This comes back to a root point about Ireland’s education system and the public service in general. A private institution like the RCSI is structured in such a way that when it sees a huge opportunity, like good quality candidates from the Middle East, it views it as actually costing money not to try and seize the opportunity. Ireland’s state education sector is currently not set up the same way. Prof. Brian Lucey, who runs Trinity’s M.Sc. in Finance, one of the few with CFA linkages, sees bureaucratic red tape and the funding structure of the sector as a whole, as a major stumbling block to capitalising on the opportunity of education as an export. As he says on irisheconomy:

One issue that strikes me is that at present we have an (imho incorrectly applied) Employment Control Framework on the third level. So, even self-financing courses cannot hire faculty to work on them, even on contract. I could see us expanding the MSc in Finance from 55 to 100+, if we could hire a couple more people. 50 times €15,000 [€750,000] is more than enough to hire two staff plus an admin and some left over for collegiate purposes.
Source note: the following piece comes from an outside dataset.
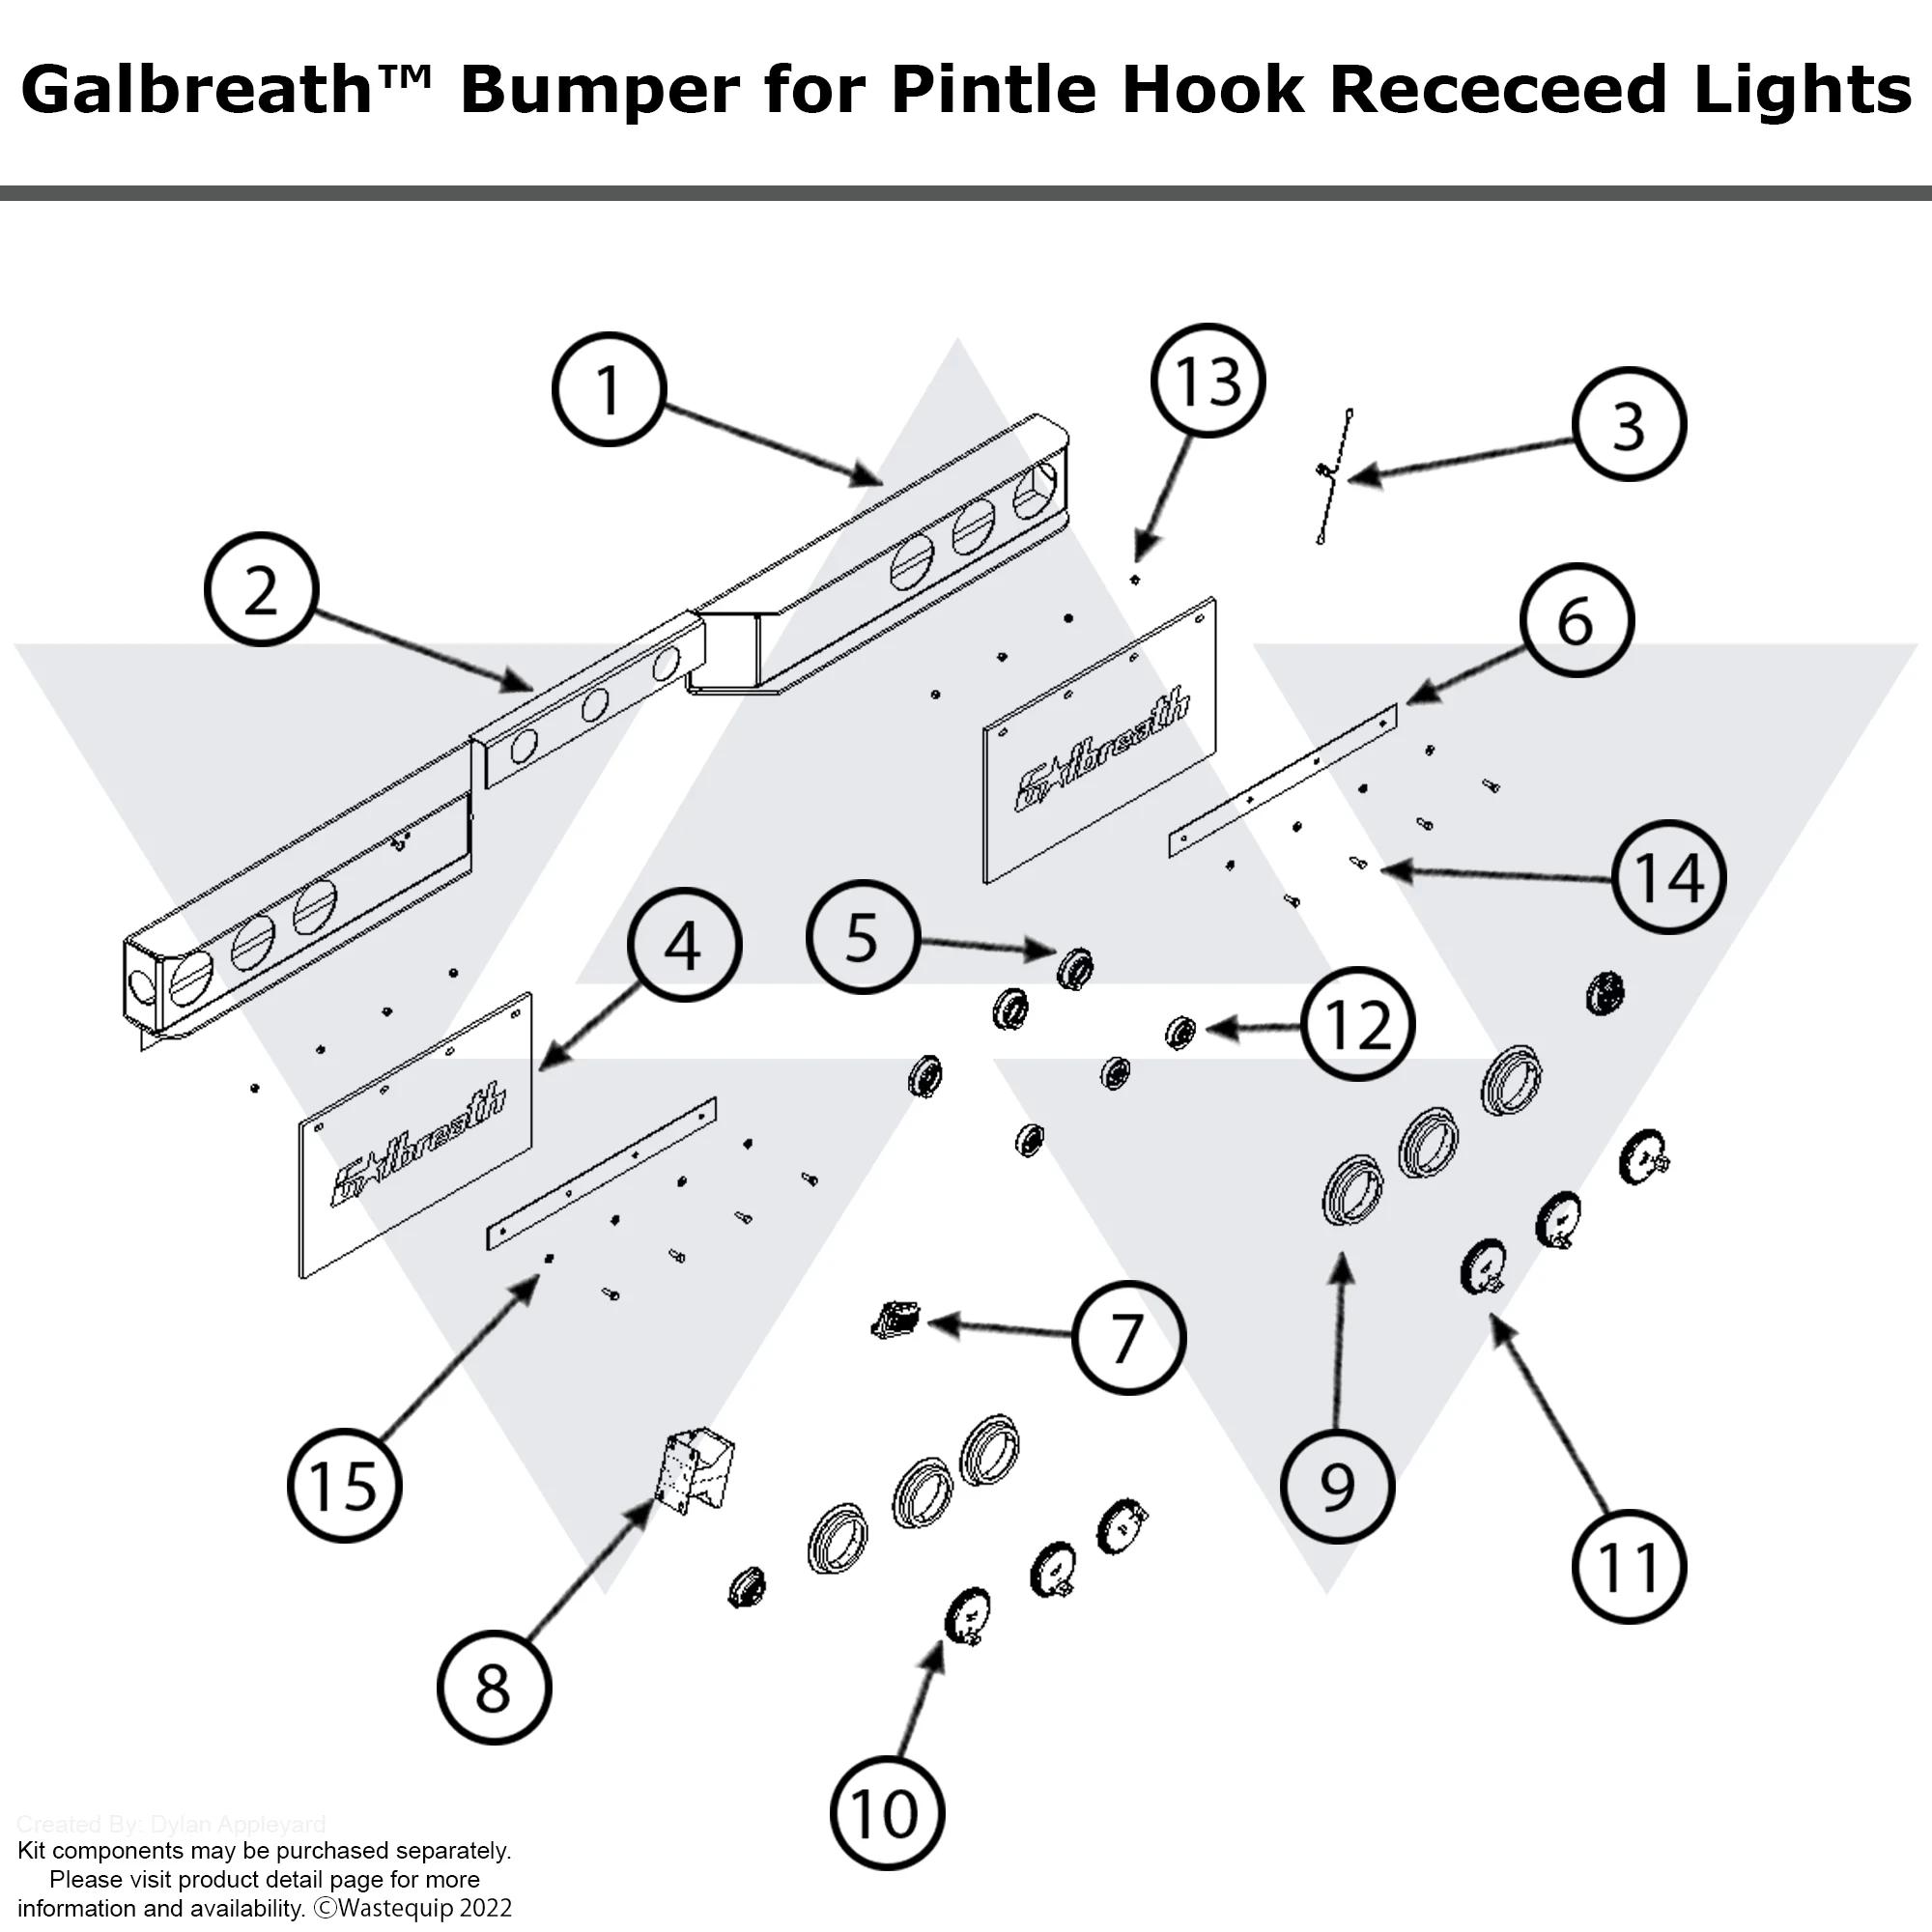 Galbreath™ Bumper for Pintle Hook With Recessed Lights

Until very recently, the Department of Education had a target for foreign-born students – but the target was a maximum, not a minimum. It will take more than a strategy document to change the mentality of the Department and the whole sector into one that sees itself as a competitive indigeneous exporter, but as New Zealand shows, it can be done.

Could education help our economic recovery?
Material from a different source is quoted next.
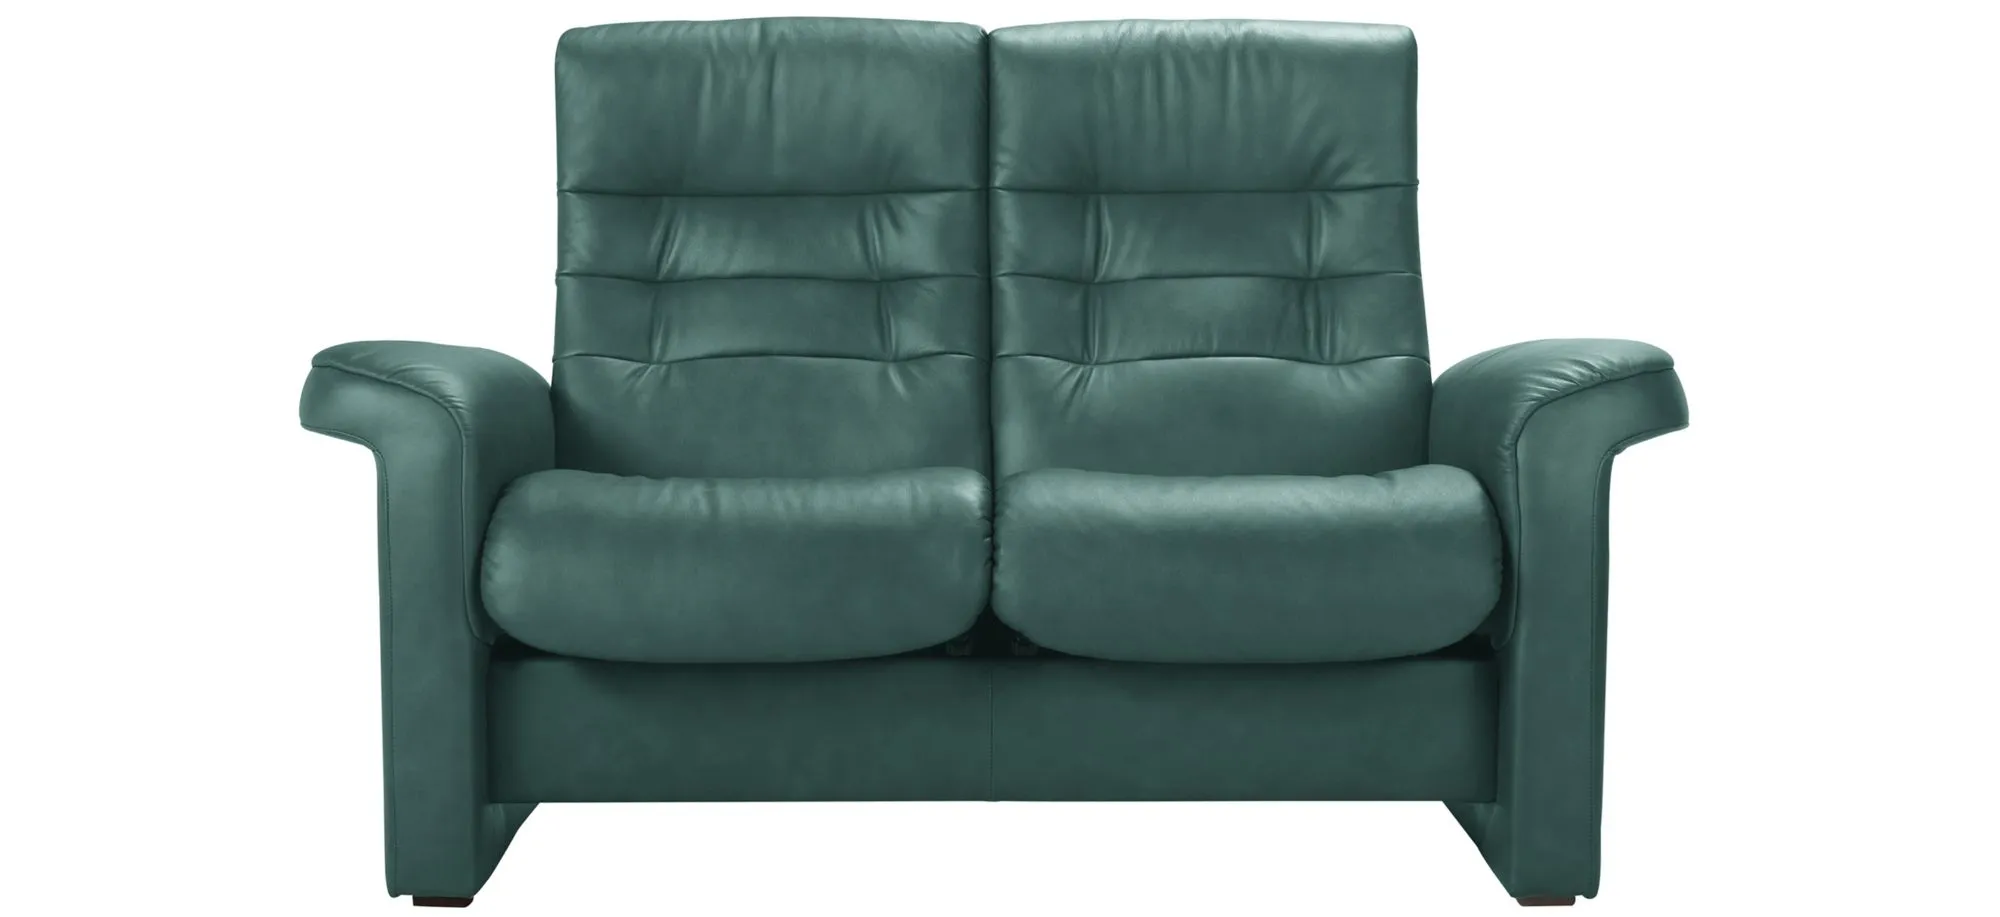 Stressless Sapphire Leather Reclining Loveseat in Paloma Aqua Green by Stressless

Clearly, exporting education on a large scale would boost college coffers. Suppose Ireland’s proportion of foreign-born students was brought in line with the UK’s over the next decade, meaning an extra 36,000 students enrolling. The back of my envelope tells me that this would be worth up to €500m in extra tuition income for universities. (I don’t think capacity would be that much of an issue either, as this would likely mean that the 15 larger institutes would take an extra 1,500 each while thirty smaller ones – there are over 60 higher education institutes in total in Ireland – would have to absorb an average of an extra 500 each.)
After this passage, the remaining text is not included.